I have a vacuum chamber, connected to a vacuum pump with a pipe of diameter 50mm and need to create a high (0.0001mBar) vacuum.
I need to calculate the total suction time, and since I was not in the picture in the high vacuum area, I read some theories for example >here<.
The suction process starts at atmospheric pressure, and if I am right until about 0.001mBar the gas flow is viscous, after that the flow is molecular where less collision happens between particles.
In the continuous state I calculated the pressure drop by the time with iteration of this formula:
$$P=P_0 \mathrm{e}^{-Q \delta t/ V}$$
- $P_0$ - starting pressure
- $\mathrm{e}$ - euler number
- $Q$ - flow rate [L/min]
- $V$ - volume
- $\delta t$ - elapsed time
I've found some formulas in case of effusion but if I am right this is for the case if there is a pinhole in the system.
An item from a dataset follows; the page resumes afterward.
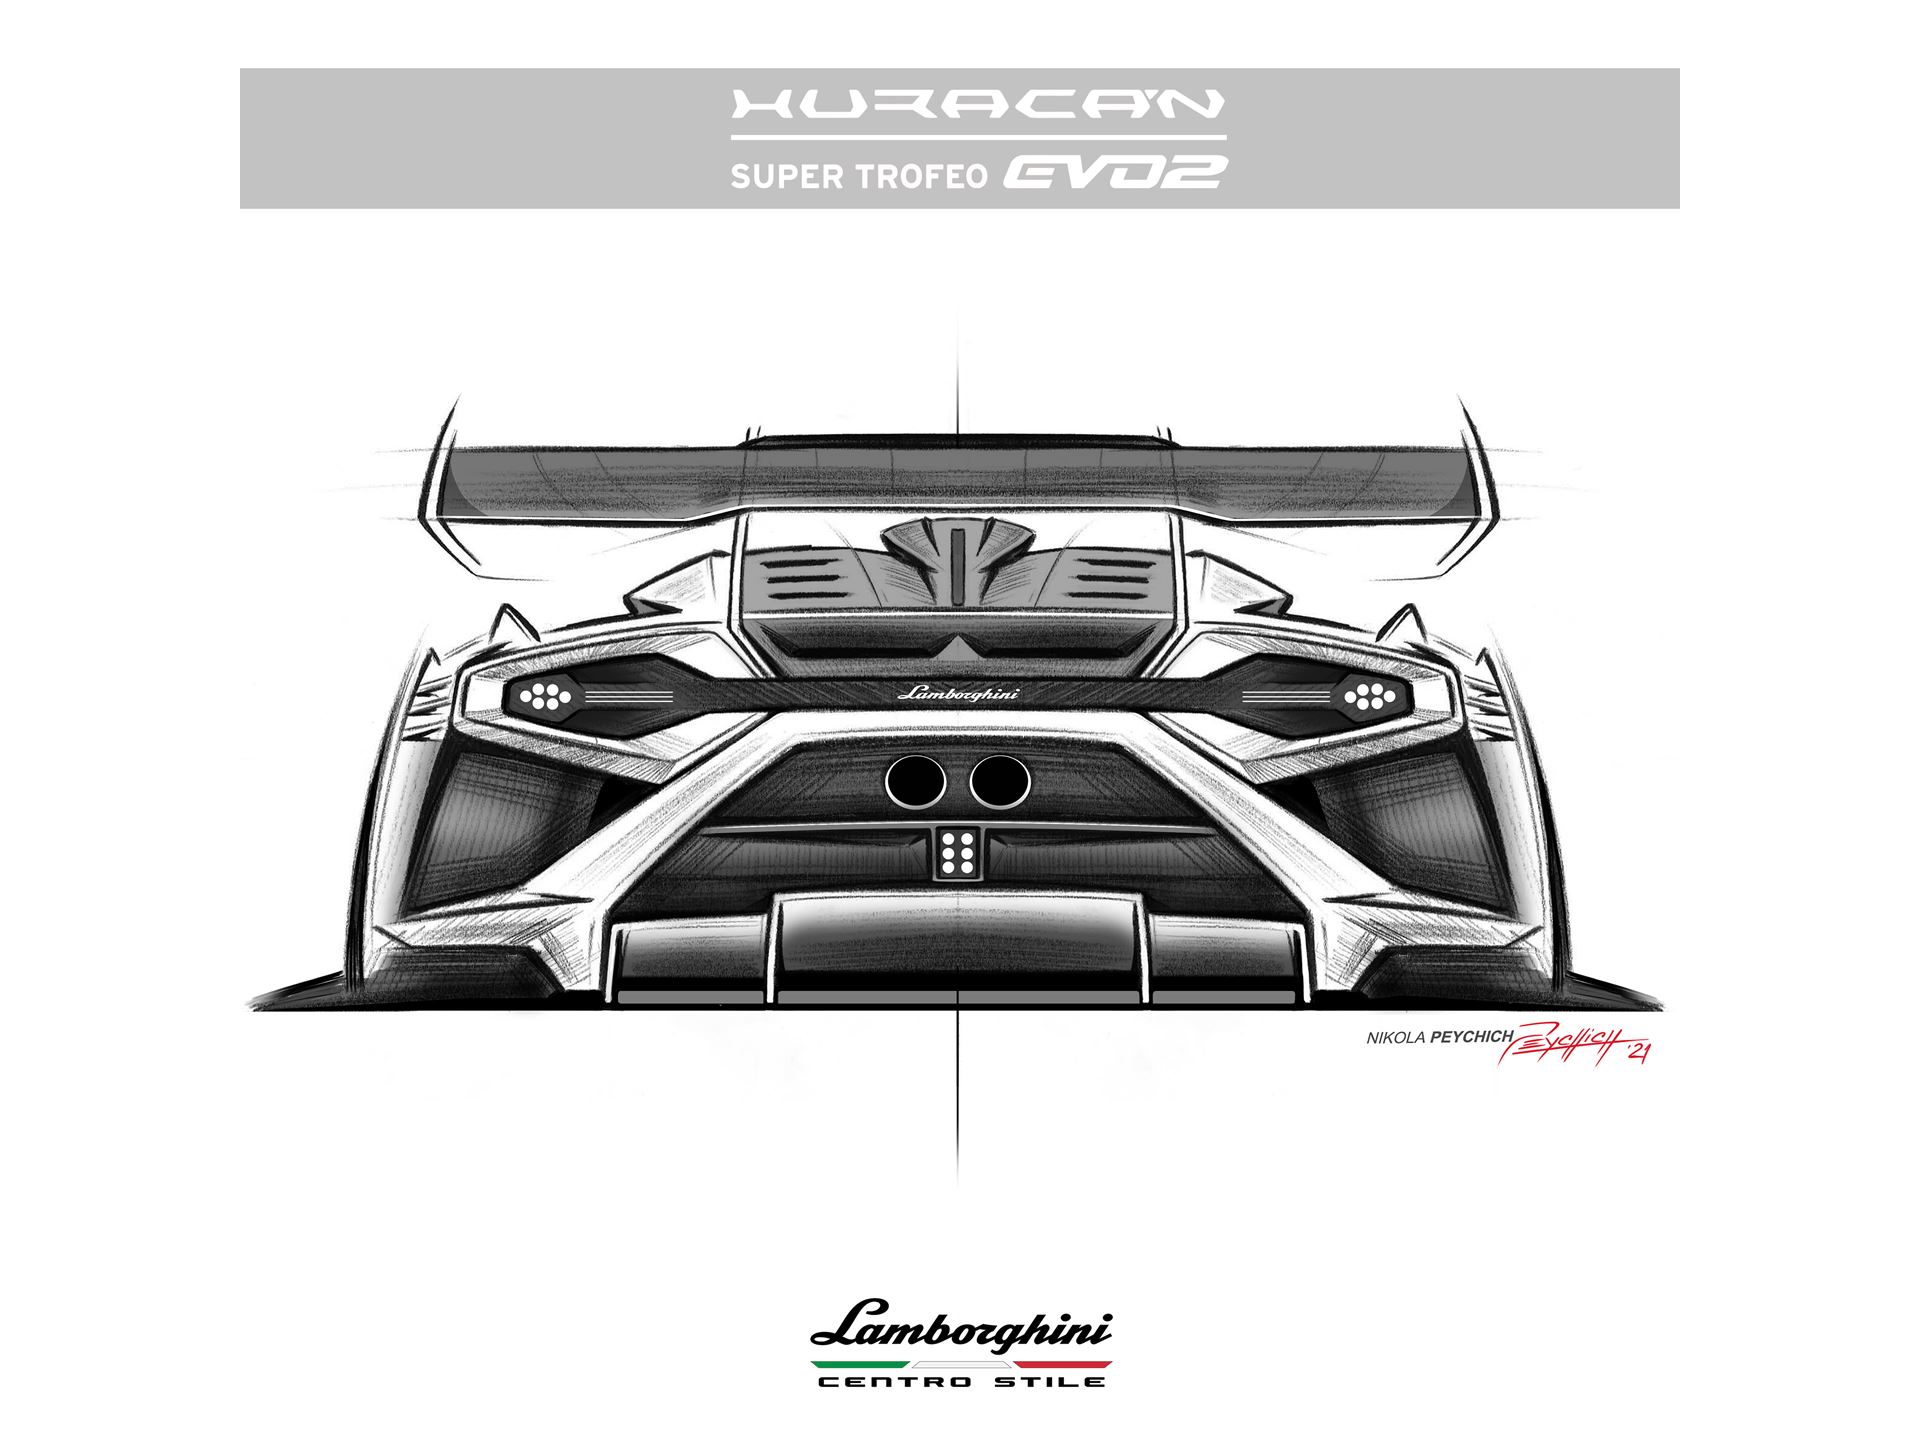 Lamborghini Huracán Super Trofeo EVO2 - Centro Stile - Sketches

However, I have a relatively big (50mm) hole on the side.
If I am right my case is a diffusion, but I don't find any formulas to calculate how many particles goes through the hole by the time.
I also have a formula to calculate the pressure based on number of outgoing particles in a given volume and temperature ($k_B$ = Boltzmann constant):
$P = n k_B T / V$
How can I calculate how many particles go through the hole by the time in the molecular state of suction?
Thank you